Mechanoresponsive Properties of the Periodontal Ligament are Responsible for Tooth Movement

Objectives: To characterize the response of the periodontal ligament (PDL) to a variety of physiologically relevant mechanical environments. In vivo mitotic activity, changes in cell density and collagen content, and osteogenic protein expression were examined using the PDL associated with the mouse molars as a model.
Methods: The PDL was examined under conditions 1) associated with the eruption of the primary dentition; 2) associated with the adult dentition under normal masticatory load; 3) associated with reduced masticatory loading achieved by feeding the animal either a soft diet or a liquid diet; and 4) conditions associated with experimental tooth movement. Tissues were evaluated using histology coupled with histomorphometry, immunohistochemistry (IHC), and scanning electron microscopy. Additionally, finite element (FE) modeling was performed to identify and characterize the distrubtion of tensile and compressive forces within the mechanically loaded periodontal ligament.

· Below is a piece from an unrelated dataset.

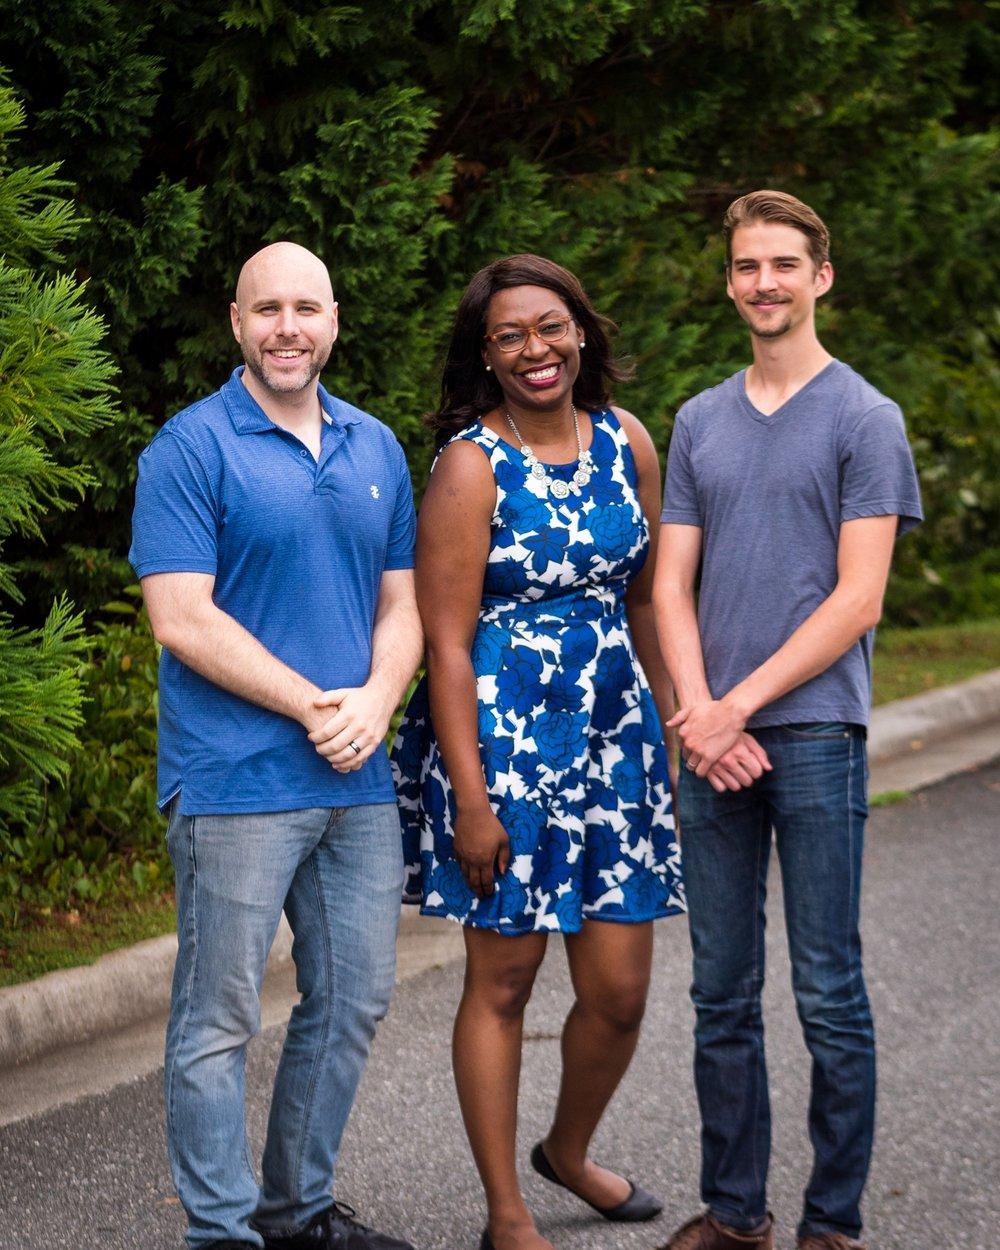 From Left to Right: Joshua Delivuk, LaShonda Delivuk & Thomas Fisher

Results: In an unperturbed, uninjured state, BrdU incorporation and IHC for cell proliferation markers demonstrated that the adult molar PDL exhibited almost no cell proliferation. Changes in masticatory load altered mitotic activity and collagen production in the molar PDL. To test the potential relationship between functional loading and cell proliferation masticatory forces were altered by changing the animals’ diet. These data demonstrated that reduced mechanical loading of the PDL altered the density and organization of the collagen fibers. Orthodontic forces were applied to the first molar crown. FE modeling showed the distribution of tensile and compressive forces and histologic/histomorphometric analyses demonstrated that collagen fiber density and cell density were increased in response to experimental tooth movement.

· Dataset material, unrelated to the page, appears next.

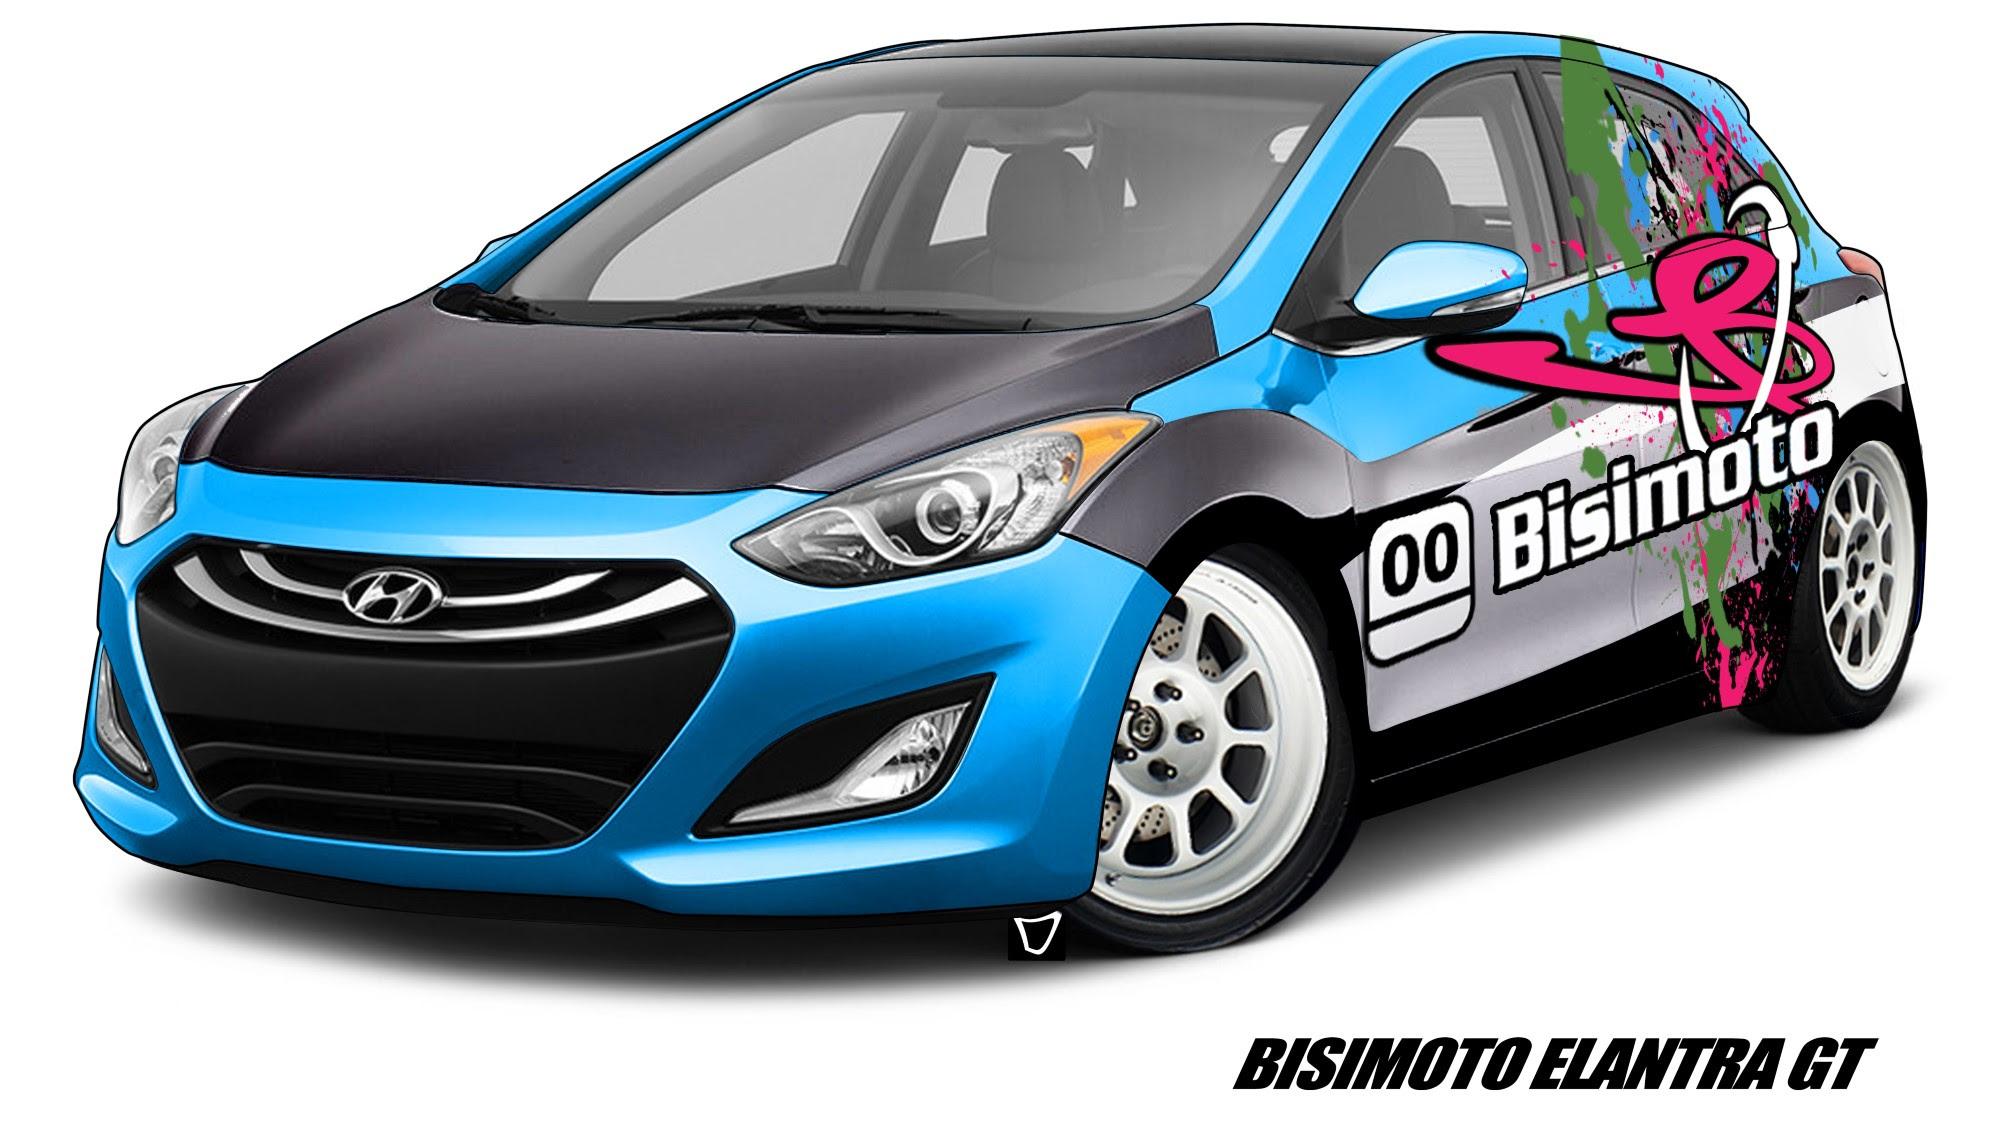 Bisimoto Hyundai Elantra GT Brings 600 HP To SEMA

Conclusions: According to our in vivo molecular and cellular analyses, the adult molar PDL is a quiescent tissue. Changes in mechanical loading acted as a stimulus to enhance mitotic activity and increase the amount and orientation of the collagen fibers in the PDL. Both changes appeared to be adaptive responses since a PDL with denser collagen fibers is capable of bearing a greater load before failing, and tissues with greater proliferation are more capable of repairing after damage.